The Lottery Operator

  2.12  We recommend that the Committee endorse our view that the distribution of Lottery money is not the concern of the Lottery operator.

  2.13  The Committee should seek assurances from the Government and the National Lottery Commission that whatever happens there will be no disruption to the continuation of Lottery funding for charities. This remains a welcome stream of income for charities.

3.  OTHER RECOMMENDATIONS WHICH WE WOULD LIKE TO DRAW TO THE ATTENTION OF THE COMMITTEE

Monitoring the impact of the Lottery on charities and charitable income in the future

3.1  The Government could achieve added value from research into the impact of the National Lottery on charities' incomes if, at the same time, it were to monitor the impact of the Government's recent changes to charity taxation.

Sustainability

  3.2  We believe that the Lottery distribution bodies need to collaborate more closely and consider the scope for further rationalisation of their activities.

  3.3  It is crucial that the Lottery's potential to develop and support voluntary sector activity, particularly at the local level, is fully exploited.

  3.4  Even though they are not bound by the Compact, NCVO wish to see the Lottery distributor's sponsoring government departments encouraging them to consider, in a more strategic way, how they could implement the Compact and its Codes of Practice, on the basis that they represent good practice.

  3.5  NCVO would welcome the opportunity for the voluntary sector to work with the Lottery Distributors, and the NLCB in particular, to explore the potential for creating a more sustainable funding environment.

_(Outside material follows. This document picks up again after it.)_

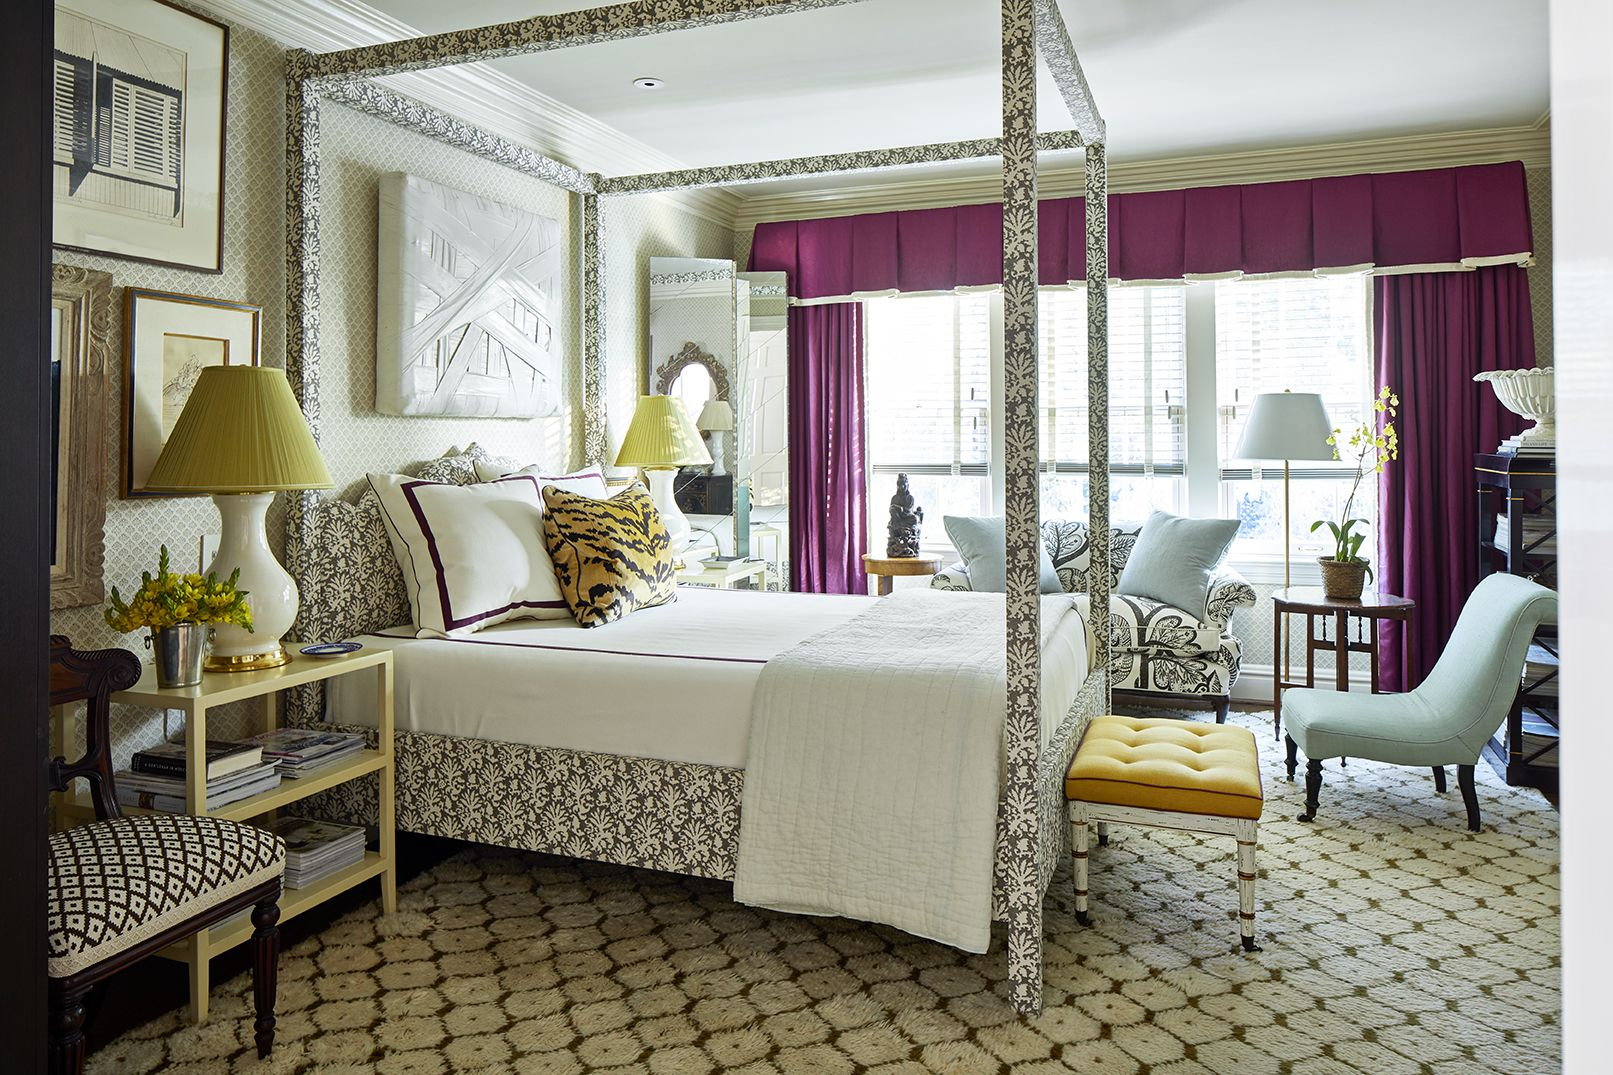 Large Bedroom Interior Design Eclectic master bedroom ideas

  3.6  Lottery distributors should consider the relationship between grant-maker and grant-recipient. They should consider how to develop their role towards one of supporter and promoter of best practice, rather than policeman, by providing advice and support throughout the life of a grant and beyond.

The Lottery Operator

  3.7  We have argued in the past that the licence to run the National Lottery should include a requirement that advertisements should state clearly and/or visibly that the most effective way of giving to charity is to give direct. This should have currency given the Government's recent attempts to simplify and modernise the ways in which individuals can give to charity tax effectively.

  3.8  We particularly wish to draw the Committee's attention to the fact that giving tax effectively is undoubtedly the best way to give to charity to maximise their returns. A sector-led campaign to encourage giving to charity, and tax effective giving in particular, is currently being planned with the support of the Chancellor of the Exchequer. It would, therefore, not be advisable for the National Lottery operator to compete with this by taking steps to encourage the public to give to charity through the Lottery.

4.  RESEARCH INTO THE VOLUNTARY SECTOR FUNDING ENVIRONMENTHAS THE LOTTERY HAD AN IMPACT?

Current overall size and contribution of the UK voluntary sector

4.1  The overall current expenditure of UK general charities is £13.4 billion[4]. Gross current income stands at £14.2 billion. Voluntary income (grants and donations) is the largest type of income (46.1 per cent) with almost one-fifth of gross income coming from donations given by the general public. Sales of goods and services account for a third of UK voluntary sector income and relate almost entirely to purchases by government (15.3 per cent) and the general public (14.6 per cent). When considering both sales and voluntary sector income, the general public are the single largest source of income (34.8 percent). In addition the voluntary sector receives 4.8 per cent of its total income from businesses in the form of direct financial support while returns on investments account for over a fifth of UK voluntary sector income.

  4.2  There are 136,000 active general charities in the UK although almost 90 per cent of gross income is accounted for by fewer than 10 per cent of organisations.

NCVO Research

  4.3  NCVO carries out an extensive programme of research into:

    —  financial trends among general charities; and

    —  charitable giving by the general public.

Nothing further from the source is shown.